At its core, a taxonomy is a structured list of concepts organized in a hierarchy. Think of a vehicle taxonomy:

• Vehicle type is the top concept
  • Passenger car is a narrower concept under it
    • Sports car, SUV, and Luxury car fall under Passenger car
• Commercial vehicle is another branch
  • Truck sits under that

Each concept usually has a preferred name (“Sports car”) and possibly alternative names that people also use (“Performance car”). This is the content — the knowledge about the enterprise language — that a team has built up over time.

Taxonomy elements can also be linked to other elements and enriched with short descriptions, so meaning remains clear for both humans and machines.

The Fragmentation Problem

In practice, taxonomies end up in many different places:

Each system has its own format. Moving a taxonomy from Excel to a search engine requires custom glue code. Connecting it to a product catalog requires more glue code. Every connection is a one-off project.

What is needed is a common layer — a format that any system can read, that preserves the meaning of concepts, and that enables links to other data without starting from scratch each time.

The Semantic Web Stack: A Common Language for Data

The World Wide Web Consortium (W3C) — the same body that standardizes HTML — has defined a family of open standards for representing and connecting data on the web. Together, these form the Semantic Web stack.

For taxonomy work, four of these standards matter most:

Think of RDF as the paper, SKOS as the template printed on that paper, SPARQL as the search function, and SHACL as the spell-checker.

The following sections walk through each one with a vehicle taxonomy as the running example.

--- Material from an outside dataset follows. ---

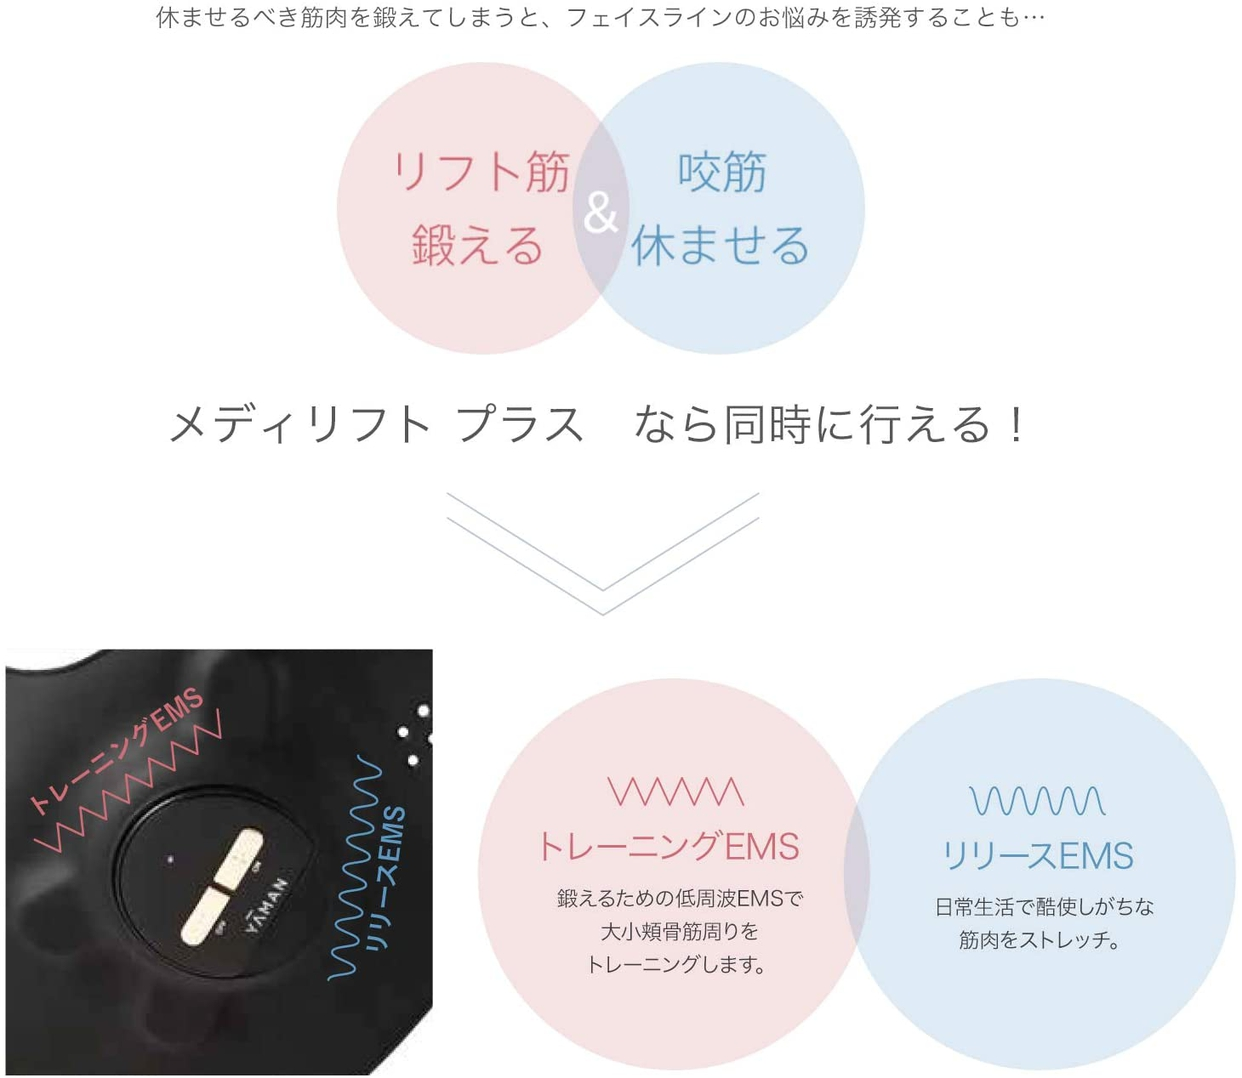 YA-MAN(ヤーマン) メディリフト プラスの商品画像4

Step 1: Represent a Taxonomy with SKOS

SKOS stands for Simple Knowledge Organization System. It was designed exactly for this use case: expressing concepts, their preferred labels, alternative labels, hierarchical relationships, links to related concepts, and textual descriptions in a machine-readable way.

Here is what three entries from a vehicle taxonomy look like in SKOS (written in a format called Turtle):

@prefix skos: <http://www.w3.org/2004/02/skos/core#> .
@prefix ex:   <http://example.org/taxonomy/> .

ex:PassengerCar a skos:Concept ;
    skos:prefLabel "Passenger car"@en ;
    skos:altLabel  "Family car"@en .

ex:SportsCar a skos:Concept ;
    skos:prefLabel "Sports car"@en ;
    skos:altLabel  "Performance car"@en ;
    skos:broader   ex:PassengerCar .

ex:SUV a skos:Concept ;
    skos:prefLabel "SUV"@en ;
    skos:altLabel  "Sport utility vehicle"@en ;
    skos:broader   ex:PassengerCar .

@prefix skos: <http://www.w3.org/2004/02/skos/core#> .
@prefix ex:   <http://example.org/taxonomy/> .

ex:PassengerCar a skos:Concept ;
    skos:prefLabel "Passenger car"@en ;
    skos:altLabel  "Family car"@en .

ex:SportsCar a skos:Concept ;
    skos:prefLabel "Sports car"@en ;
    skos:altLabel  "Performance car"@en ;
    skos:broader   ex:PassengerCar .

ex:SUV a skos:Concept ;
    skos:prefLabel "SUV"@en ;
    skos:altLabel  "Sport utility vehicle"@en ;
    skos:broader   ex:PassengerCar .

Reading this out loud: “PassengerCar is a concept. Its preferred label is ‘Passenger car’. SportsCar is a concept. It is broader-related to PassengerCar, meaning it is a narrower type of passenger car.”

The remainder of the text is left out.